The cars themselves were great. They were custom built in NZ by their rail shops. No rebranded Siemens or ABB rolling stock here. Cars are reasonably new and there are two outlets at each seat. Although with a bulkier universal power adapter they might not be very useable since they are low to the ground. The windows are massive they take up almost the entire side of the rail car. There are also Viewliner type upper windows along both sides. Lots of natural light flowing in. There is a cafe car although the food is a collection of pre-made sandwiches there are a few prepared hot foods that they will microwave for you. I have pictures of the menu. I will upload them when I get back to the states.

The highlight for me was without question the open air observation car that is available to all passengers. It is quite an experience to pass through a tunnel with a diesel locomotive working hard to get up the grades. Probably not the best for ones carbon monoxide intake. The route the train takes through the mountain seems almost inexplicable tunnels viaducts more tunnels more viaducts. I am not sure who did the surveying, but as you zig and zag and go through yet another tunnel you have to wonder if this was really the only way to get a train through those mountains. Listening to the engine as the engineer moves up a couple notches to keep you steady through the next set of grade is something I think the average lay person would miss, but certainly something you can appreciate if you know what your listening to.

The views are truly spectacular at times. I am confident in saying that while shorter in duration what you experience between Christchurch and Greymouth beats the pants off the wonderful hours you can spend in a SSL going between Denver and Grand Junction. All of it is enhanced by being able to stand out in the open observation car and feel the air moving past you.

Greymouth is a VERY small town. I turned right around and headed back to Christchurch, but you can connect onwards with some busses to head down the West Coast there. I was only there for an hour, and was able to talk through all of "downtown" twice. I wouldn't suggest overnighting here and spending 25 hours in the town.

I will probably write up more of a full trip report that also talks about my experience on the train between Sydney and Melbourne.

Feel free to ask me any other questions. I tried to be through as I could be.


----------



## Gemuser (Apr 28, 2017)

Long Train Runnin' said:


> The views are truly spectacular at times. I am confident in saying that while shorter in duration what you experience between Christchurch and Greymouth beats the pants off the wonderful hours you can spend in a SSL going between Denver and Grand Junction.
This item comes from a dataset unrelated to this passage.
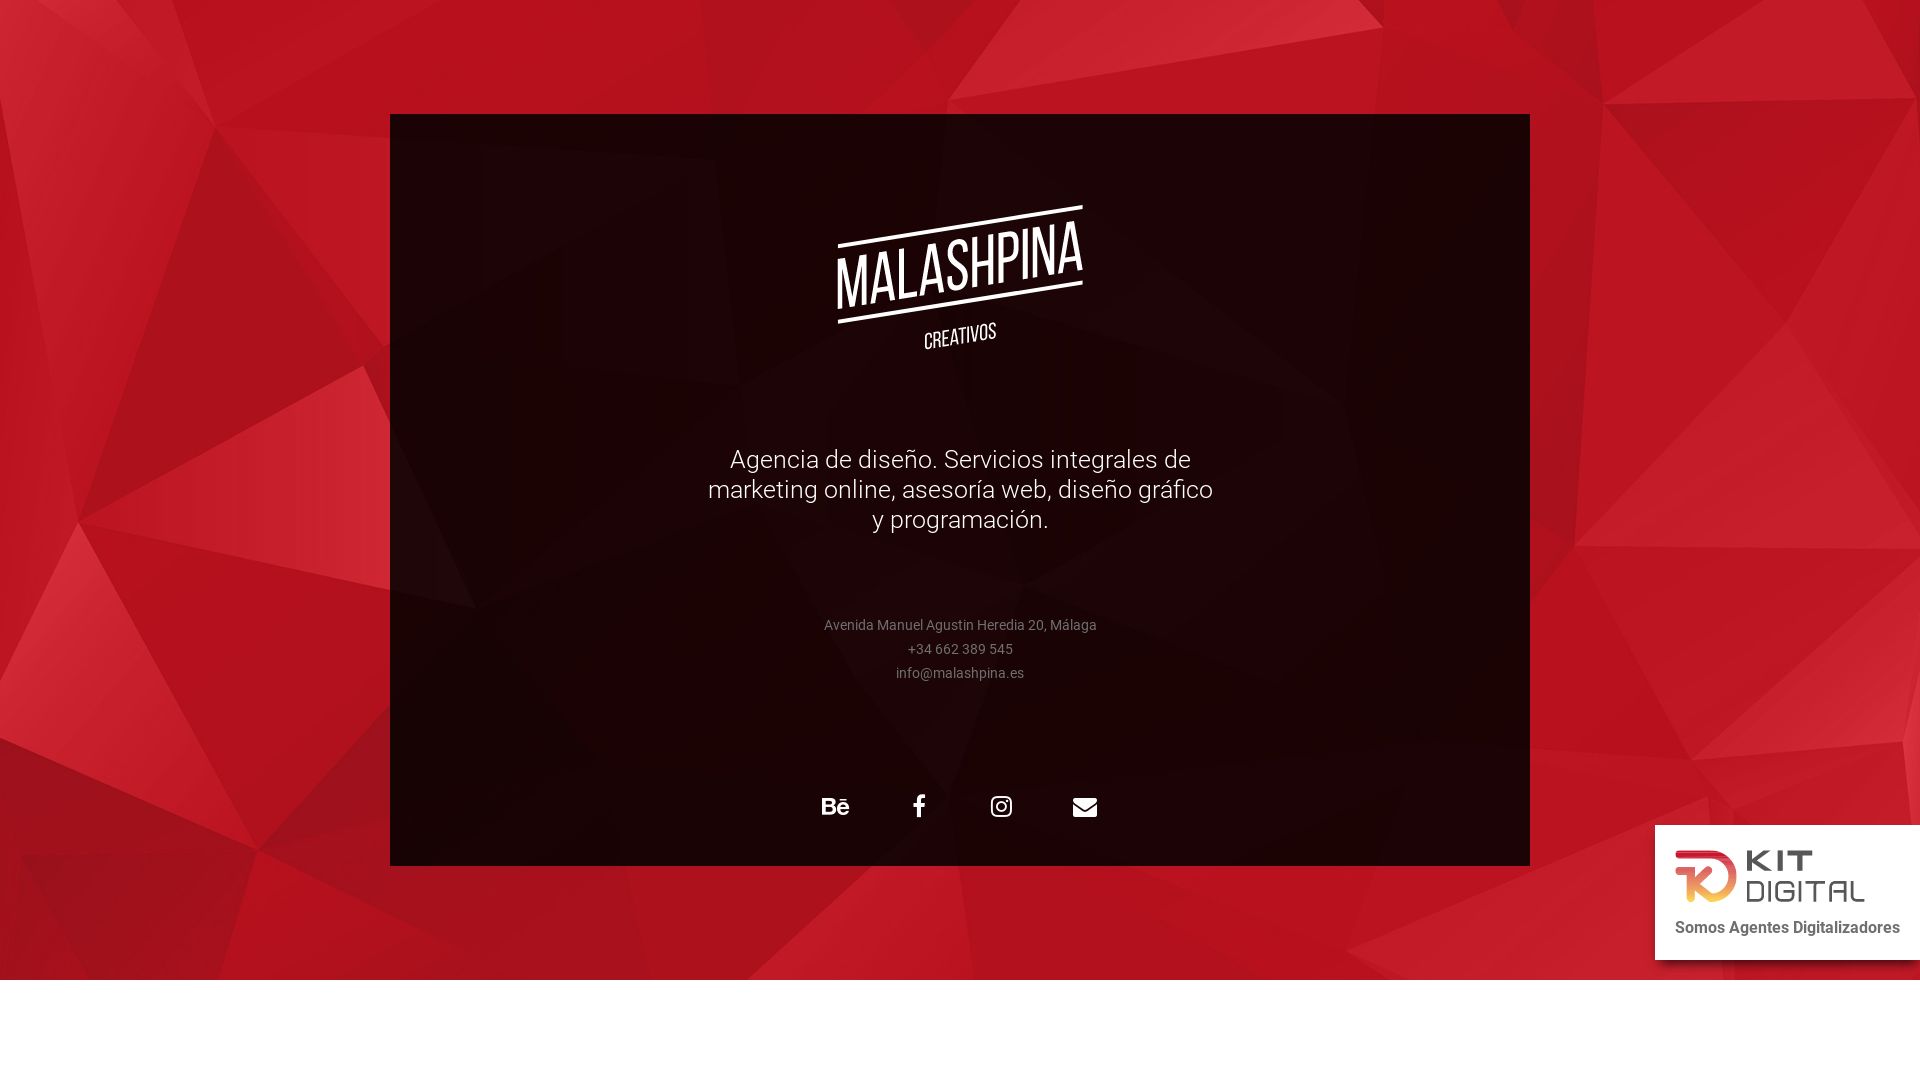 Статус сайта malashpina.es ОНЛАЙН

All of it is enhanced by being able to stand out in the open observation car and feel the air moving past you.


Well everybody is entitled to their opinion but IMHO Denver to Grand Junction beat the pants off the Tranzalpine. That is not to knock the Tranzalpine, it is a great ride and well worth doing but the climb out of Denver, around Big 10, through the Tunnel district, through the Moffat Tunnel and down the canyons to Grand Junction is just incomparable compared to Arthur's Pass.


----------



## jis (Apr 28, 2017)

Gemuser said:


> Long Train Runnin' said:
> 
> 
> > The views are truly spectacular at times. I am confident in saying that while shorter in duration what you experience between Christchurch and Greymouth beats the pants off the wonderful hours you can spend in a SSL going between Denver and Grand Junction. All of it is enhanced by being able to stand out in the open observation car and feel the air moving past you.
> ...


I guess you did not notice the title of the thread eh?

Actually I had asked for opinions about KiwiRail in this thread. While it is fascinating to hear one more time about Denver to Grand Junction and its glories, it does not have anything to do with KiwiRail, and there are at least a dozen other threads on the ride through the Colorado Rockies to discuss it. So the opinions on Colorado Rockies is a tad misplaced here IMHO.


----------



## Gemuser (Apr 30, 2017)

JIS

Now go and read my post again! I was NOT discussing DEN-GJT. I was replying to and disagreeing with Long Train Runnin's comment that:"I am confident in saying that while shorter in duration what you experience between Christchurch and Greymouth beats the pants off the wonderful hours you can spend in a SSL going between Denver and Grand Junction."

IMHO his comment is misleading, anybody taking the Tranzalpine and expecting it to top DEN-GCT is, again IMHO, going to be disappointed, I wouldn't like that to happen, as the Tranzalpine is well worth it for its own sake but to compare it to that sector does the Tranzalpine a dis service. Go and ride it, as I understand you plan to do and form your own opinion, which is what I did.


----------



## jis (Apr 30, 2017)

Actually since I think the Moffat line is a bit overrated myself and it is possible that your assessment may not apply to me. But thanks for clarifying. Hey! Beauty is in the eyes of the beholder afterall.


----------



## Gemuser (May 5, 2017)

jis said:


> Actually since I think the Moffat line is a bit overrated myself and it is possible that your assessment may not apply to me. But thanks for clarifying. Hey! Beauty is in the eyes of the beholder afterall.


Ab-a-bloody-lutely!


----------